7 The commission chargeable under this Schedule is exclusive of any goods and services tax payable on the commission.
Rebecca Kitteridge,
Clerk of the Executive Council.
This note is not part of the regulations, but is intended to indicate their general effect.
These regulations, which come into force on 1 July 2009, revoke and replace the Maori Trust Office Regulations 1954 (the 1954 Regulations). However, regulations 3 to 5A of the 1954 Regulations have not been reviewed. They are carried forward, as described below. Regulations 7 to 10 of the 1954 Regulations have been superseded by new provisions, reflecting the new structure set up for the Māori Trustee by the Māori Trustee Amendment Act 2009.
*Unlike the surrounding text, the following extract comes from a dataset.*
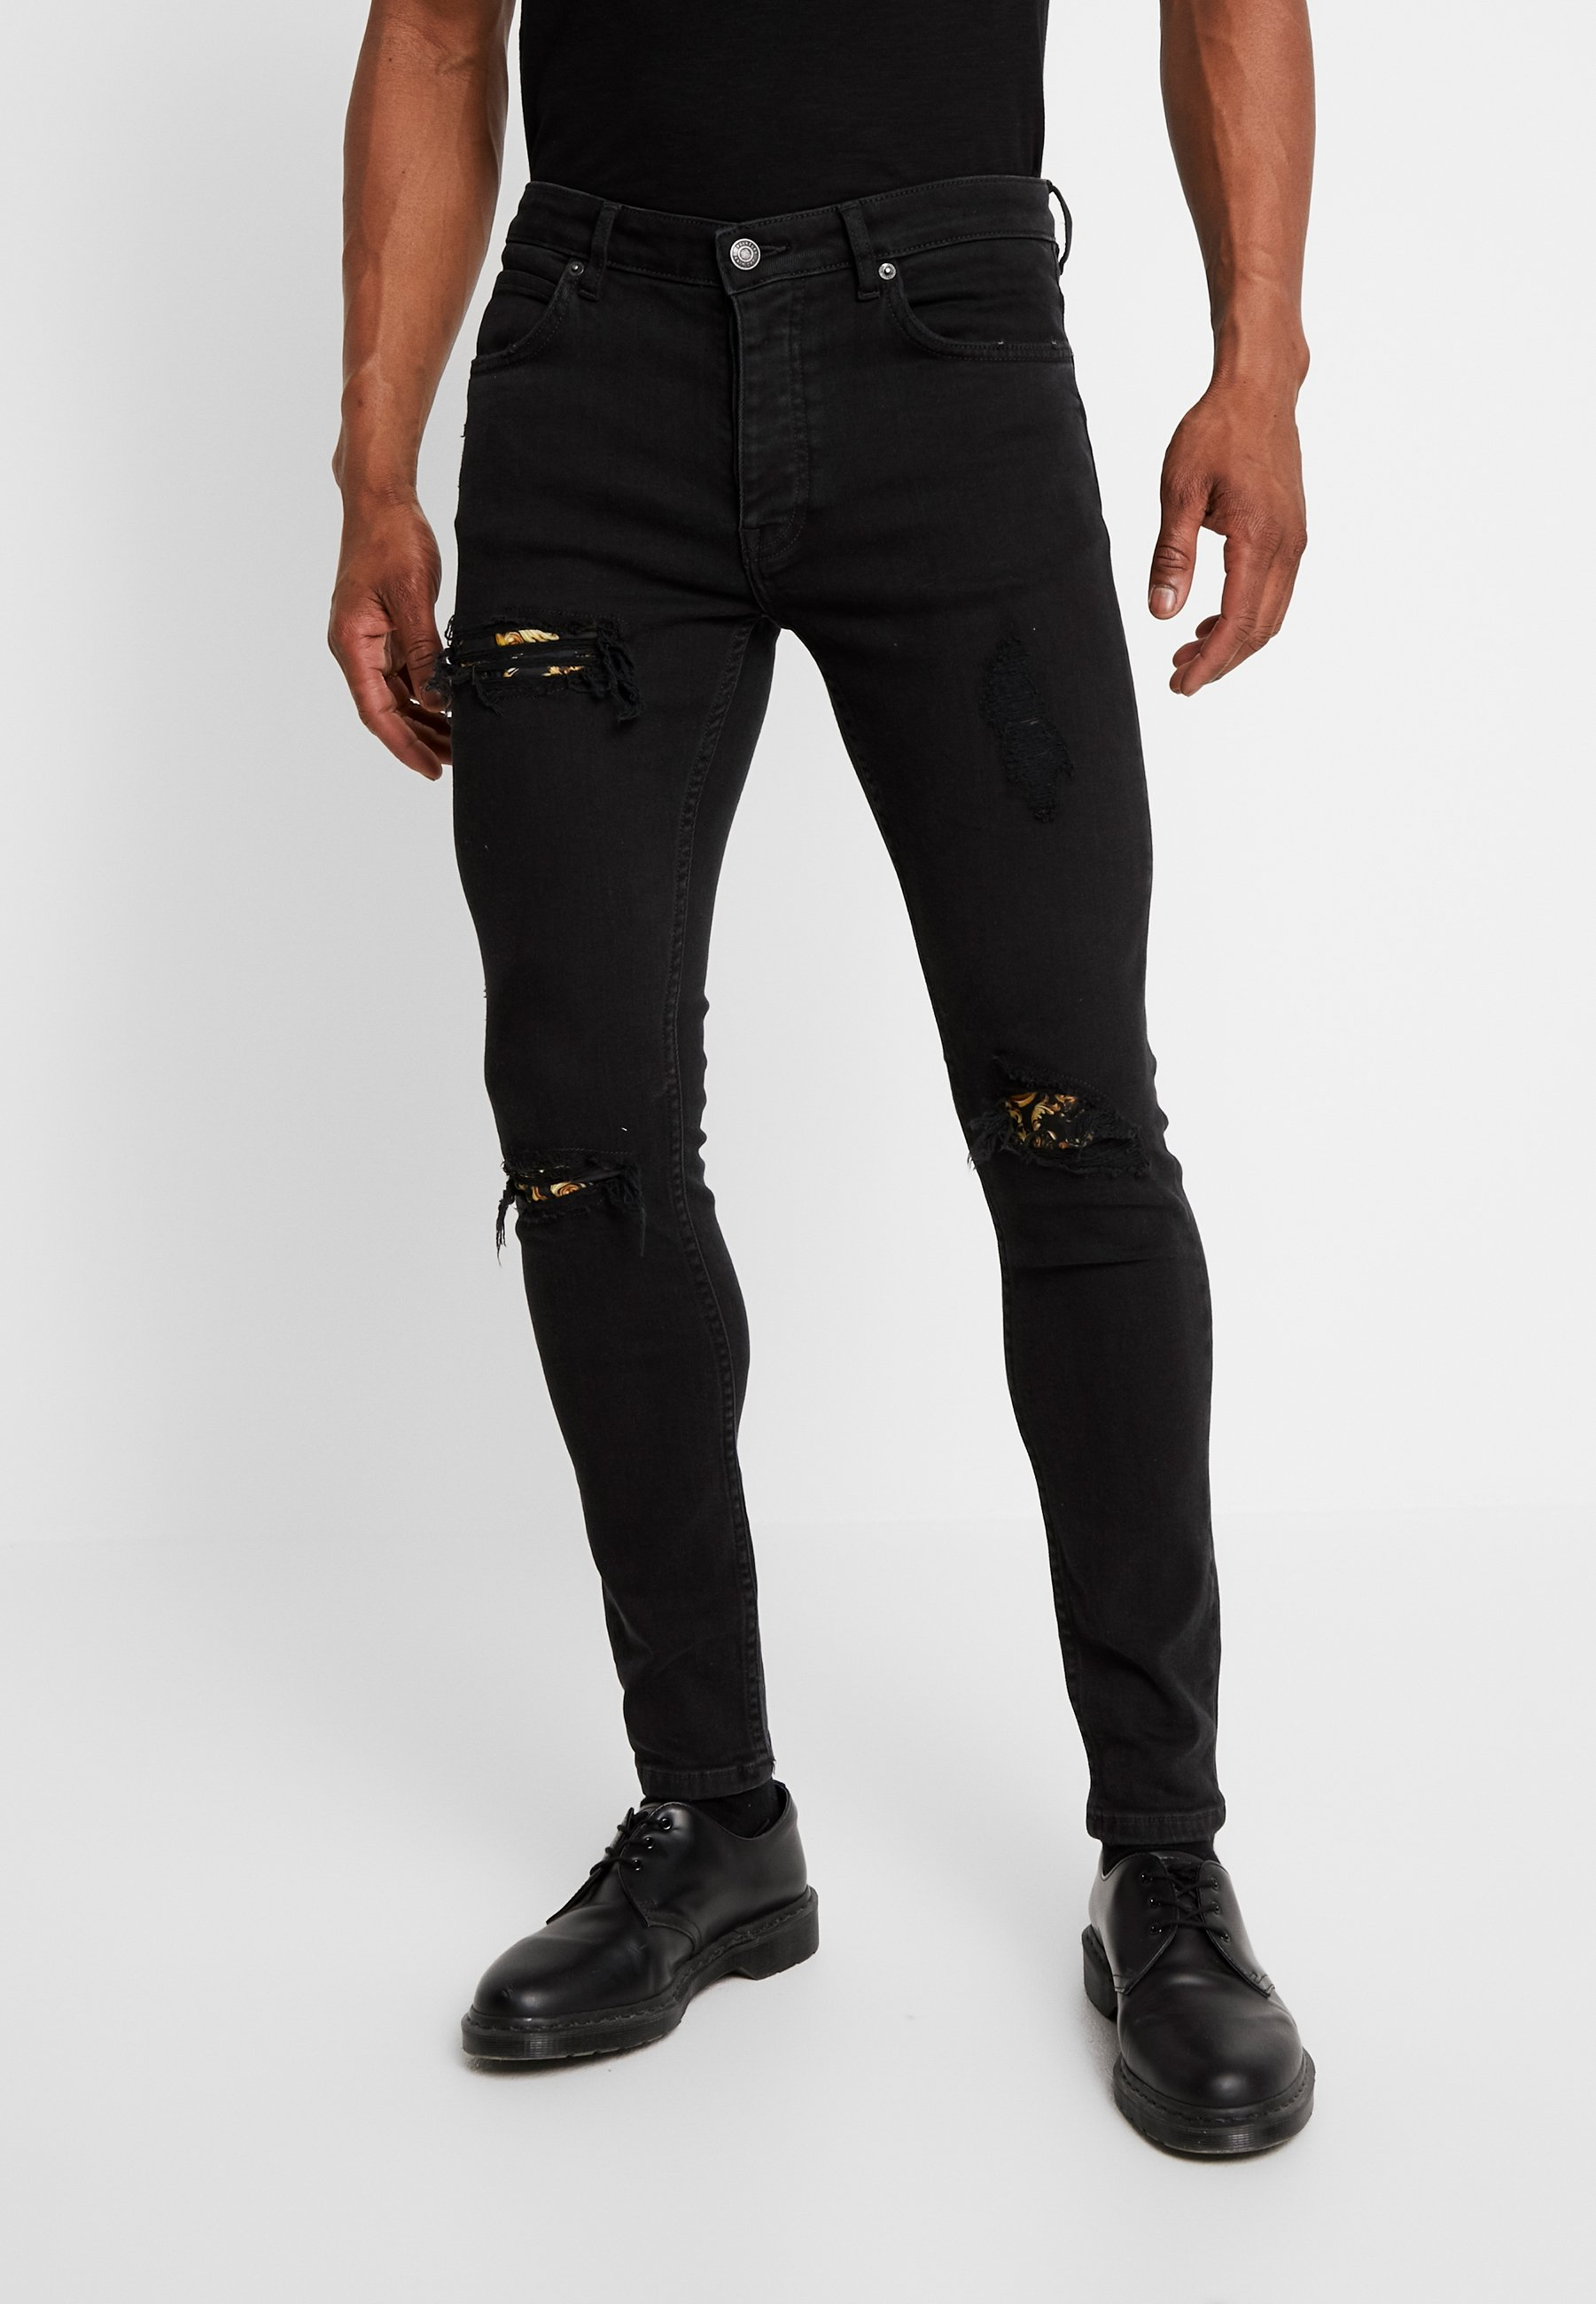 Black Denim Jeans Skinny Fit Yourturn wlZiOPXkuT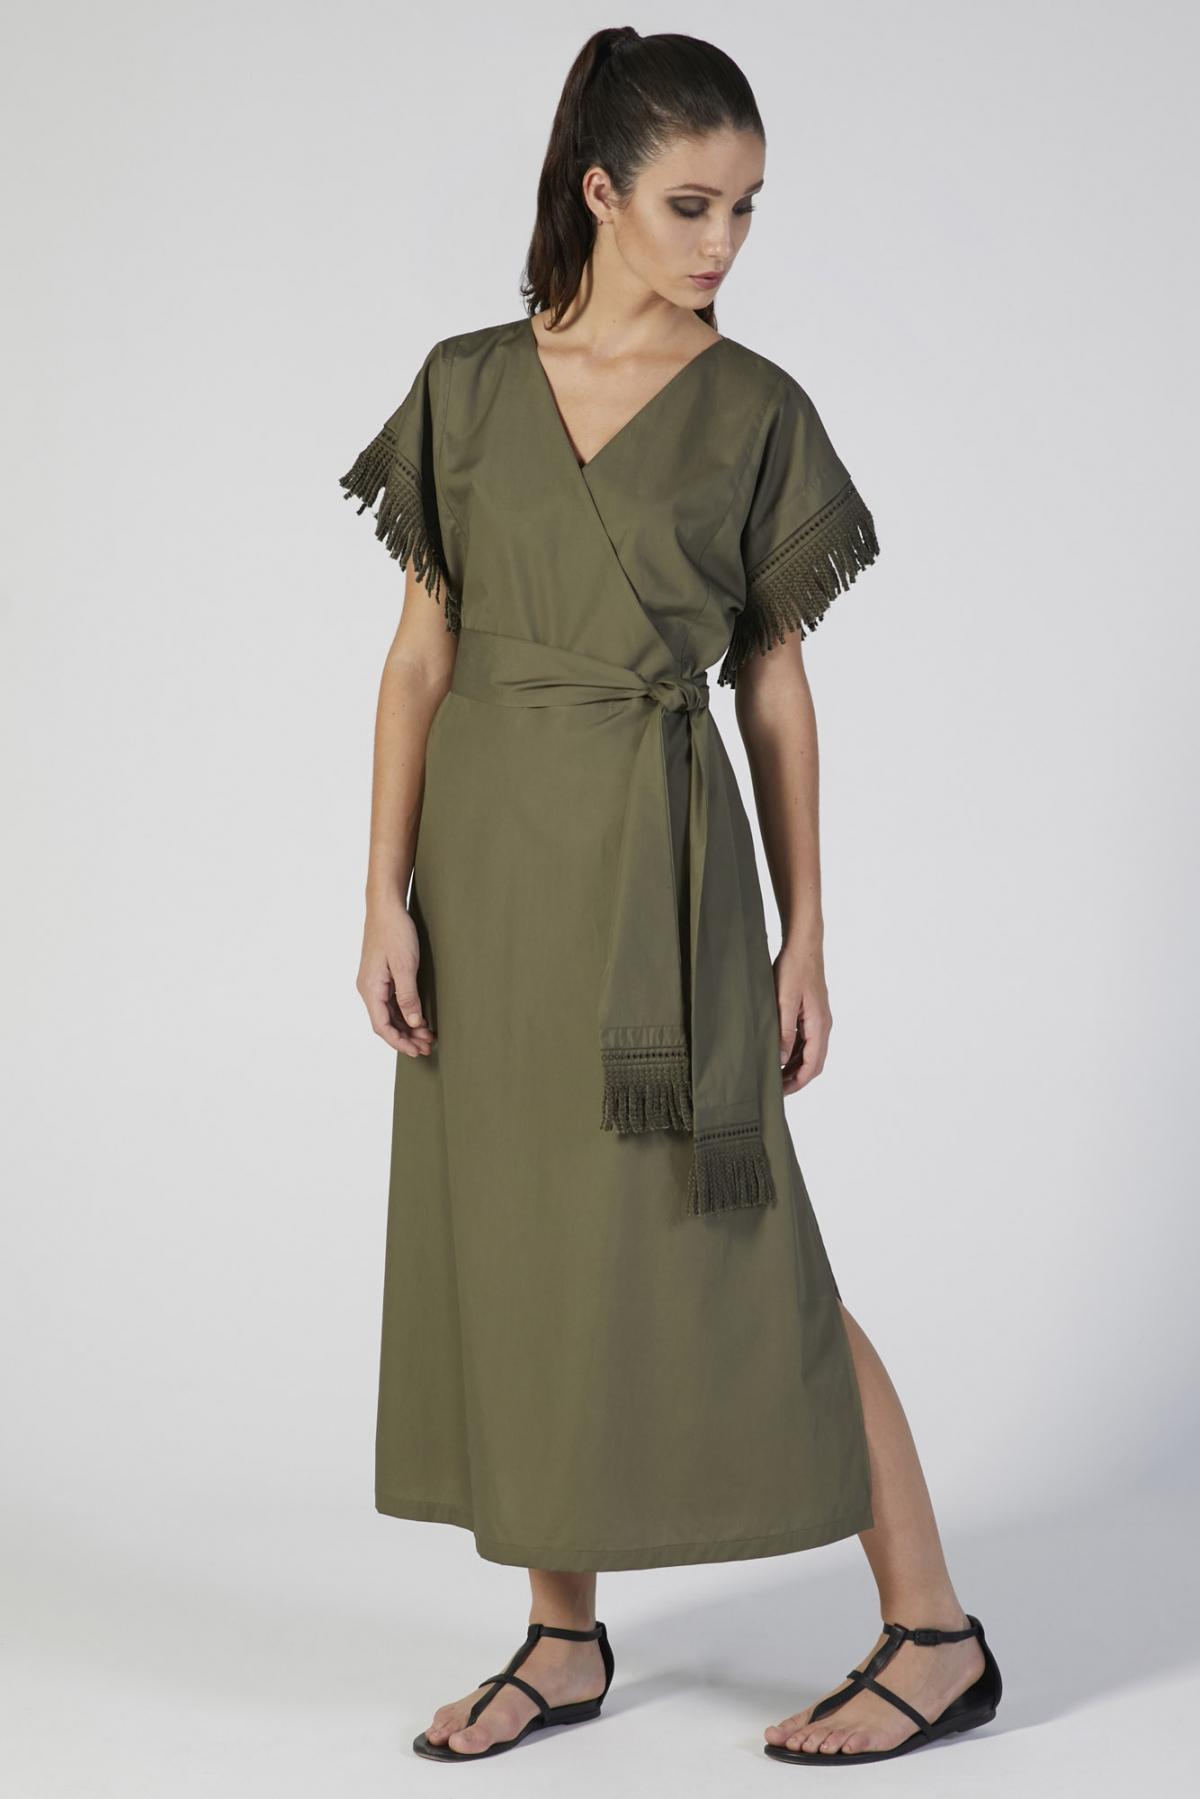 copricostume manica corta verdiani donna loungewear

The new provisions support the requirement for the Māori Trustee to act independently in managing the funds held in the Common Fund for the benefit of the beneficial owners of the funds.
The new provisions are concerned with certain aspects of the management of the Common Fund. They apply to the process of calculating and paying the distributable income into the accounts that comprise the Common Fund; they do not affect the process of making payments out of accounts in the Common Fund, paying funds into individual accounts, or other functions. The new provisions are—
regulation 7, which provides for a reasonable management fee (plus goods and services tax, if any) to be charged by the Māori Trustee for activities relevant to the management of the funds held in the Common Fund and, to the extent that the Māori Trustee has charged a commission or fee in relation to such an activity, a management fee is not able to be charged in addition to any commission or other fee collected for the same activity:
regulation 8, which requires distributable income for each account to be calculated monthly on the balance held in each account on the last day of the month:
regulation 9, which provides for the apportionment of distributable income by requiring income to be paid into each account held in the Common Fund in the same proportion as each account contributes to that Fund; it also requires payments to be made on 1 April in each year, although it does not prevent payments being made at other times as well if the Māori Trustee considers that circumstances make that appropriate, for example, if an account holder wishes permanently to withdraw all the funds in the account at another time, the Māori Trustee may calculate and pay the distributable income relating to that account without waiting until 1 April; this regulation also provides transitionally for the first 9 months of operation after the Māori Trustee Amendment Act 2009 and these regulations come into force on 1 July 2009:
regulation 10, which sets out certain disclosure requirements, the time by which a report on the payment must be made to the holder of each account in the Common Fund, the discretion of the Māori Trustee as to the delivery of the report, and the obligations on the Māori Trustee in relation to account holders who cannot be contacted.
The provisions of the 1954 Regulations that have not been reviewed are being carried forward without change as to their scope and content, but drafting changes have been made to update certain cross-references, simplify their presentation, and better reflect current drafting style. The regulations replicating the regulations retained from the 1954 Regulations are—
regulation 3 (former regulation 3), which defines “estate”
:
regulation 4 and the Schedule (former regulation 4), which specify the matters for which the Māori Trustee may charge commission and the rate that applies in each case:
regulations 5 and 6 (former regulations 5 and 5A), which set out the fees payable by or to the Māori Trustee in relation to specified matters.
Date of notification in Gazette: 18 June 2009.
These regulations are administered by Te Puni Kōkiri.